As far as cleaning the grates...  I would just throw them over or in a hot fire and burn all the old nasty's off and then wire brush it after it cools... I'm thinking I would do the same with the smoker...  start a big fire in it and let it burn the nasty's off and clean with a wire brush...

then everything needs to be seasoned which helps keep from rusting...  by seasoning we mean that you fire it up as if you were gonna cook on it  (after painting the outside and letting it dry)...  you spray,wipe,squirt,pour, some kind of cooking oil all over the whole smoker (inside and out, anywhere and everywhere) before firing it up.... do this out in the grass somewhere as you don't want the oil dripping all over your deck,patio,driveway,sidewalk.... let it cook for 2-3 hours somewhere around 300`...  what I do is use a water bottle and fill it with oil...  poke a little hole in the cap and squirt it all over,,,  then take and old rag and wet it with oil and start wiping everything down....  you can keep wiping witht he saturated rag while it's cooking....

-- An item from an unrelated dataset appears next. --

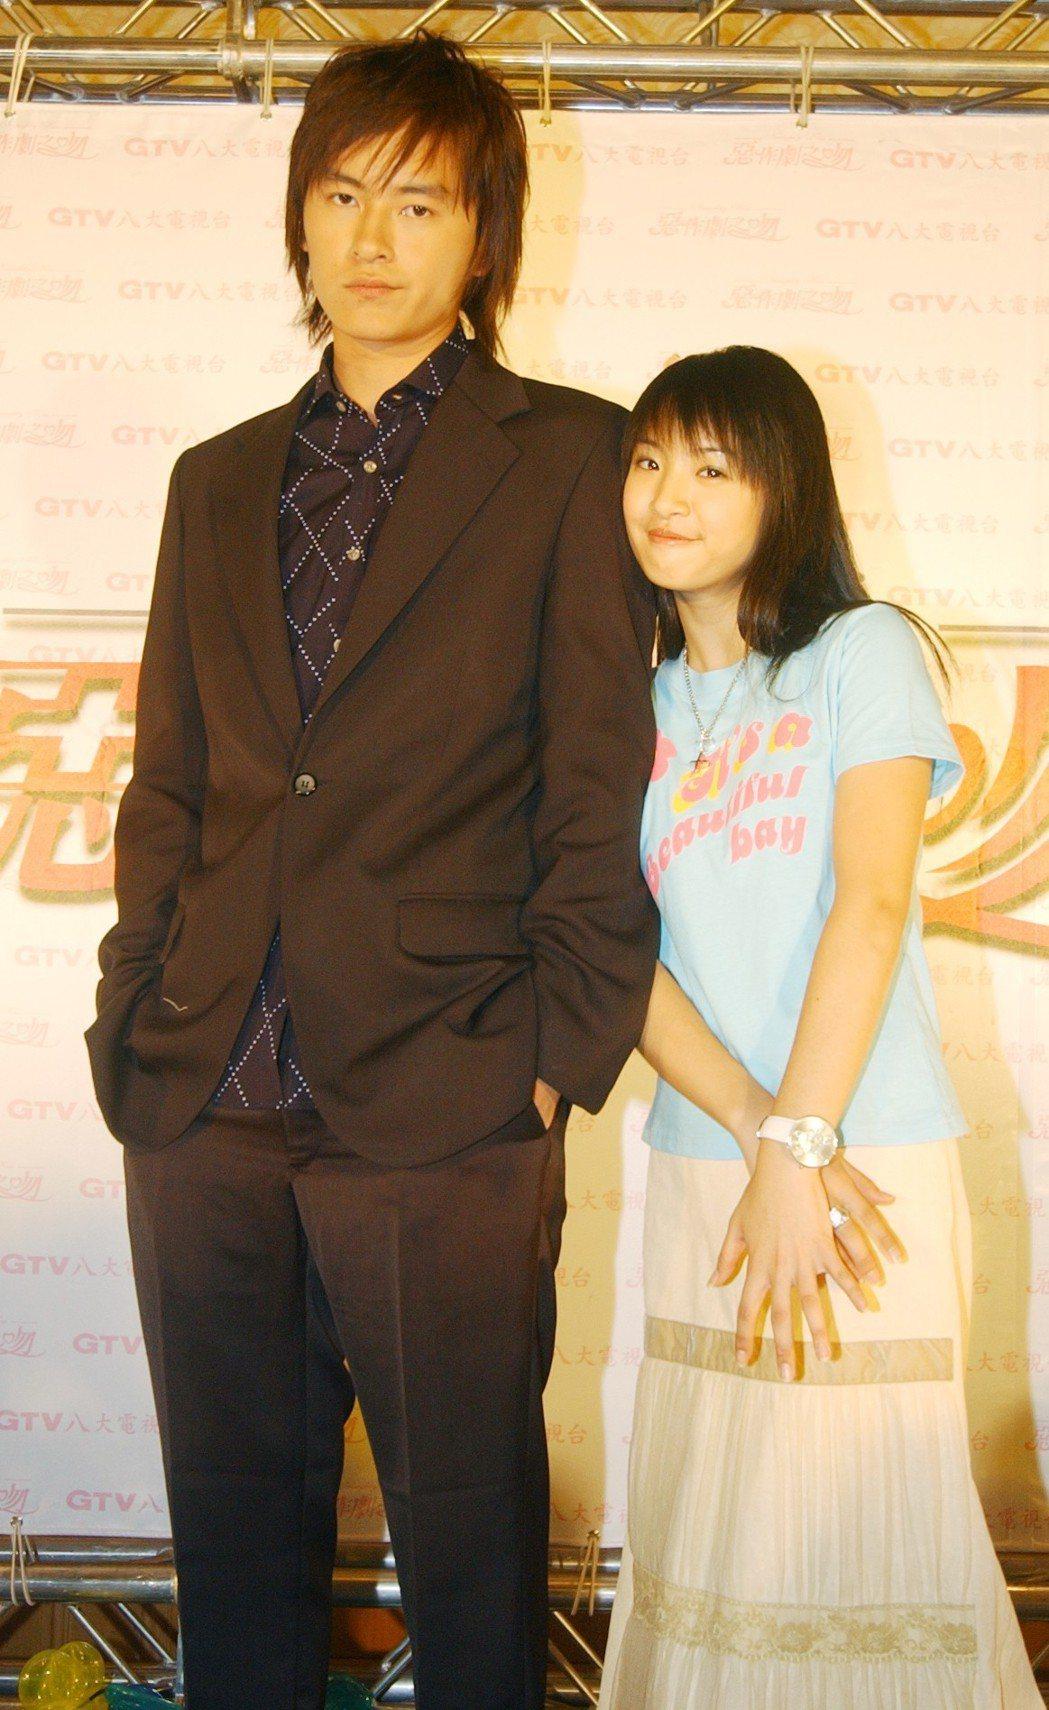 鄭元暢、林依晨當年演出「惡作劇之吻」。圖/聯合報系資料照

hope this helps and good luck....


----------



## flash (Aug 31, 2013)

JckDanls 07 said:


> Calvin... first off... welcome to the forums... It would be nice if you had some pictures of it so we can see what we're dealing with... is it a vertical with side fore box ?... is it a horizontal with a side fire box ?.... is it a vertical or horizontal with out the side fire box ?.... is it charcoal, electric, or propane fired ?....
> 
> As far as cleaning the grates... I would just throw them over or in a hot fire and burn all the old nasty's off and then wire brush it after it cools... I'm thinking I would do the same with the smoker... start a big fire in it and let it burn the nasty's off and clean with a wire brush...
> 
> ...


X 2, but I have never put oil on the outside of my smokers.


----------



## calven727 (Sep 1, 2013)

Thanks, that does help me out a lot.  Last night I started a fire in the main section to kill off anything old and I installed a temperature gauge.  The pit is not as big as I remember but it should do fine for now as a starter.  the only issues I see is the bottow of the fire box is kinda week and there are some areas where that aren't sealed up very wheel.

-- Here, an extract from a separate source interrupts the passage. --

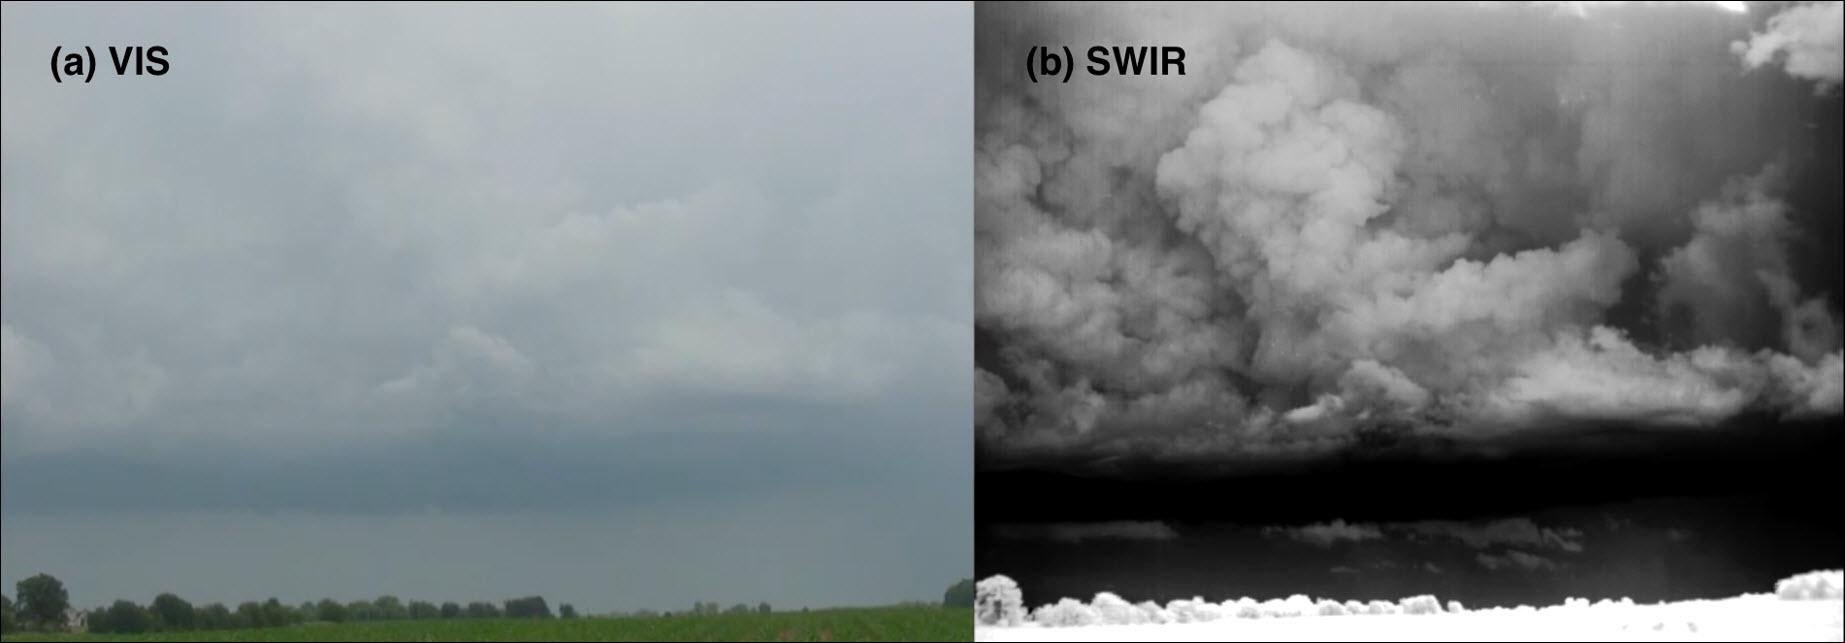 swir-vis-stormcomparison

http://s766.photobucket.com/user/calven727/media/pitmaster2_zps2f1a213b.jpg.html

http://s766.photobucket.com/user/calven727/media/pitmaster3_zpsf15742ff.jpg.html

http://s766.photobucket.com/user/calven727/media/pitmaster_zpsc340774a.jpg.html


----------



## calven727 (Sep 1, 2013)

Did a test run today with 4 chicken thighs and it went ok. I think I need to attack some latches to help seal the door closed. Started off just using charcoal and one piece of wood but had to add more wood than I thought to get the temperature up.


----------



## flash (Sep 2, 2013)

Pictures did not come thru. Bad links.

In Photobucket, use the "Direct Link", use the picture ICON here on SMF and past the link into the URL box.


----------